“任意妄為,這話從何說起呀?做雙月子可是我家王爺逼著來的,雖然本王爺也很厭煩。但怎么說也是我家王爺的一番心意,總不能傷了我家王爺的心不是?”炫耀,絕對是赤裸裸的炫耀。
這個時候歡顏、歡悅都聽到皇后磨牙的聲音了。可她們聽著怎么那么解氣呢,同樣覺得痛快的還有深受其害的太子妃。
自己礙于孝道沒辦法,可人家戰王妃自己腰桿兒硬實,又有夫君無條件寵著。憑什么受你皇后的氣?如果不是場合不對,太子妃都想大笑三聲了。
可皇后就不一樣了,如果不是顧忌皇后的形象。她真的想蹦起來,抽張瑛姝幾巴掌。狠狠咬了一下自己的嘴唇,話鋒一轉:“戰王妃,身為女子。戰王府的當家主母,最基本的就應該賢良淑德,不嫉不妒,看你是怎么做的?即便鄉下婦人也沒你這般,置自己丈夫的臉面于不顧的!”
我去,能把這么不要臉的話說的這么大義凜然的恐怕也只有她了吧!還有是誰給她的臉,在這個以夫為天的世界,皇帝都同意了的事情,她一而再的拿出來說事兒。
這個時候坐在下面的夫人、小姐的內心都是方的。這個時候眾人無比同情的望著張瑛姝,不知她怎么就惹到皇后頭上了。
而張瑛姝本人呢,仿佛皇后訓斥的不是自己。將一顆葡萄丟盡自己的嘴里才道:“皇后娘娘您的意思是無論是丈夫愿不愿意,身為正妻都得給丈夫納妾?是這個意思,我沒理解錯吧?”
一副皇后是不是傻的表情,看的皇后差點吐血。可更讓她吐血的還在后頭,“可據本王妃所知,早在十五年前皇帝為了皇后娘娘您就停止了選妃這項活動了!難道本王妃記錯了?”
這話一出,滿堂皆驚。誰也沒想到張瑛姝竟然那皇上說事兒,說不知道當年皇帝只是個托詞。可明白歸明白,現實歸現實。

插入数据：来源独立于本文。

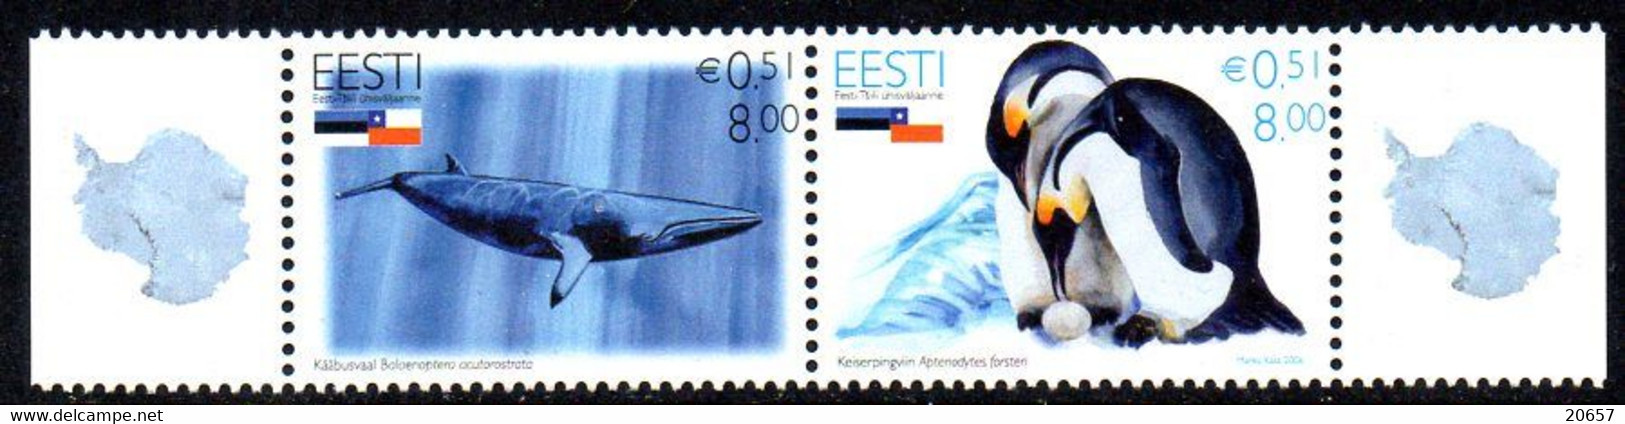 Estonie Eesti 0531/32 Antarctique, Baleine, Pingouin - Fauna Antartica

這樣的言論好像沒毛病,在場的人感覺她們又多了一個應對夫君納妾的絕招啊!
看向張瑛姝的目光都是閃亮閃亮的,直接忘了先前還恨不得躲張瑛姝遠遠的呢!只是這么一來,皇后是徹底下不來臺了。
也更加激發了內心潛藏的執拗,可就在她準備開口之際。一聲高亢的:“皇上駕到——”讓之前還斗志昂揚的皇后仿佛卡了殼的雞一樣,這個時候皇上為什么會過來?
不過這個時候也不是思考的時候,身體比大腦先行一步,已經領著眾人給皇帝請安了。
“起吧!”皇上仿佛不是被寒戰要挾來的,笑瞇瞇的問道:“朕看著倒是挺熱鬧的,能問問在討論什么嗎?”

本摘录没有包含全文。